• February 5, 2018

In a recent post, we lamented the existence of “zombie cases” — cases where there seem to be no genuine disagreements either as to the facts or the law but the cases persist anyhow for one reason or another (often because a litigant is simply delaying the inevitable). One solution, we suggested, is the more liberal use of “fee-shifting,” or you might call it the imposition of “conduct-based attorneys’ fees.”

One might get some insight into whether this would be successful by considering family law cases, in which courts more frequently award conduct-based attorneys’ fees because there is a statute expressly providing for them.

A district court decision imposing such fees was recently affirmed by the Minnesota Court of Appeals.

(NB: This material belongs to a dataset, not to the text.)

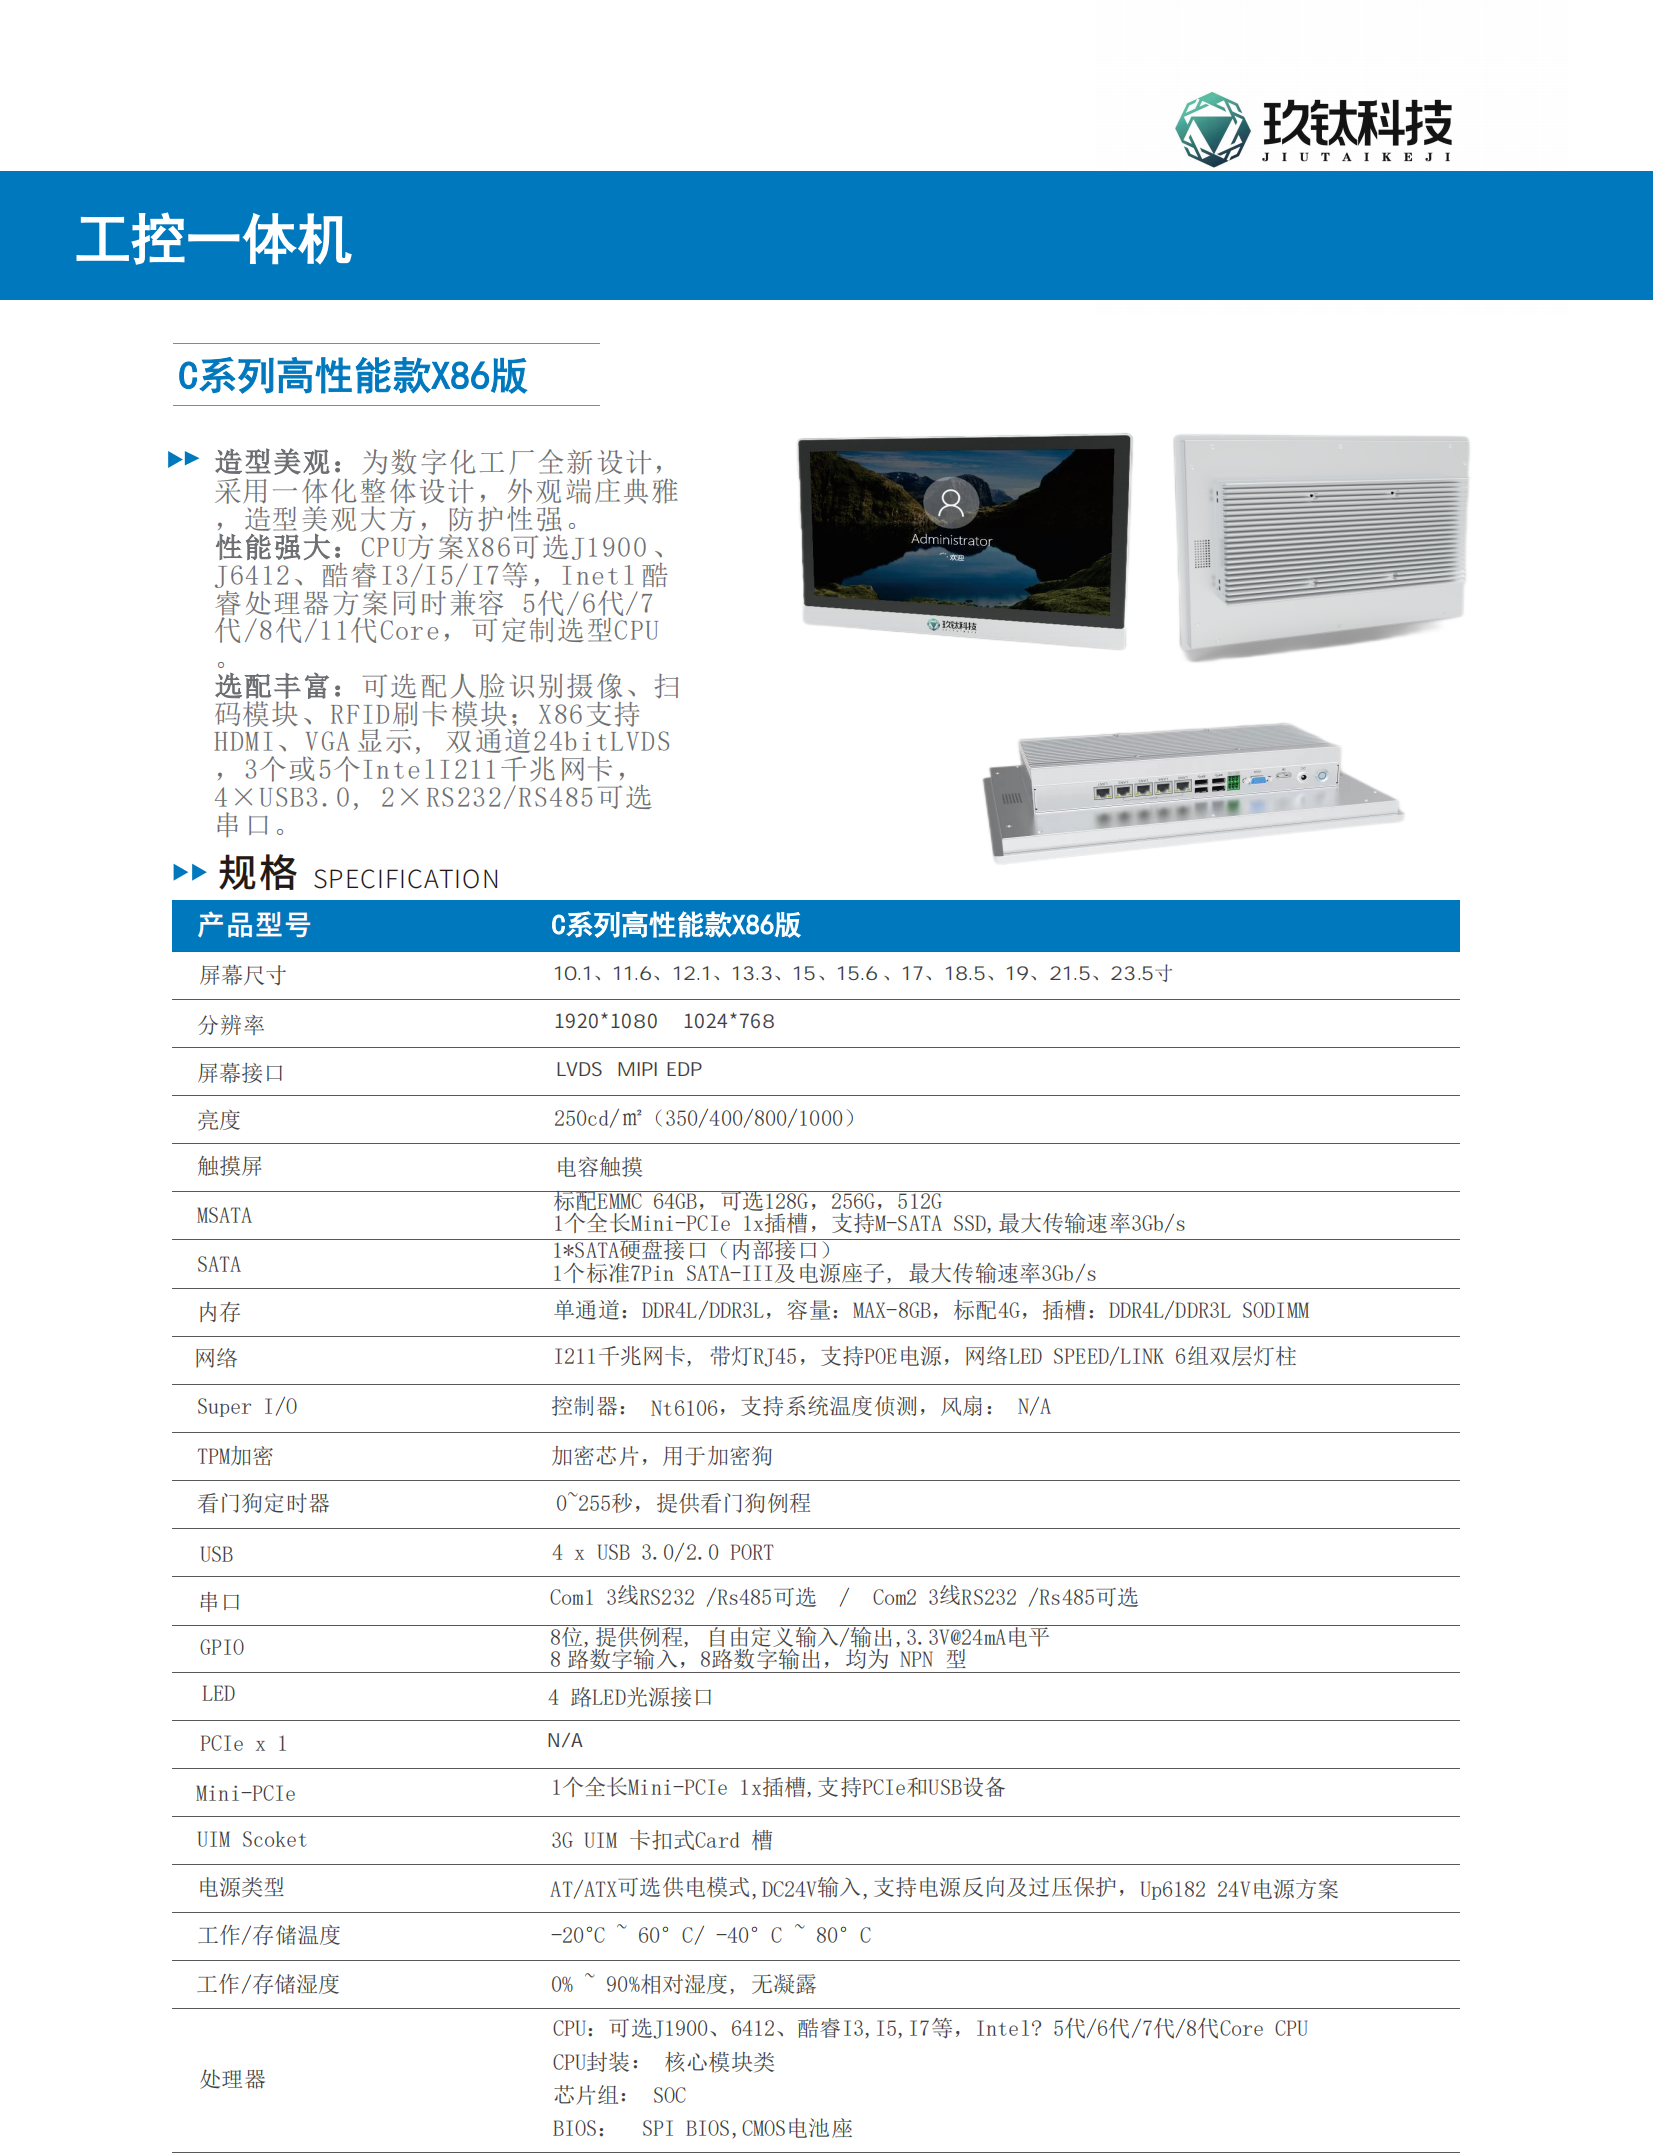 工控机-C系列高性能款X86版 产品规格书_00.png

The appellate court pointed out:

[T]he district court found that wife contributed to the length and expense of the litigation for five reasons: (1) wife’s transfer of the India properties to her mother after she had been served with the dissolution of marriage; (2) wife’s frequent retention of new counsel; (3) wife falsely increasing the amount allegedly owed to her brother and falsely claiming additional alleged debts owed to her parents; (4) wife falsely alleging that husband had business interests and earned additional income outside of his W-2 wages; and (5) wife’s counsel’s assertions during husband’s closing arguments that referenced exhibits that were not properly admitted into evidence.

Wife focuses solely on her retention of new counsel. She argues that it is fair and reasonable for a party to retain seven attorneys in a divorce proceeding.

Excuse us for seeing some humor in the fact that the award was based on five separate bases and the appellant only addresses one of them. And then, on that single alleged error, the argument is that “it is fair and reasonable for a party to retain seven attorneys in a divorce proceeding.” That is the appellant’s strongest argument?

It is possible that a cultural disconnect might have been an issue in the referenced divorce case. Generally, we get the sense that most people ignore that understanding and heeding basic elements of our legal system (the binding nature of testimony, the obligations with respect to preserving and presenting evidence, honesty to the tribunal, etc.) is not a universal trait. Not even close.

Putting that issue (as important as it is) to one side, we are confident that the award of conduct-based attorneys’ fees deters litigation misconduct even if it could never eliminate it. If only it were more broadly available and more frequently imposed.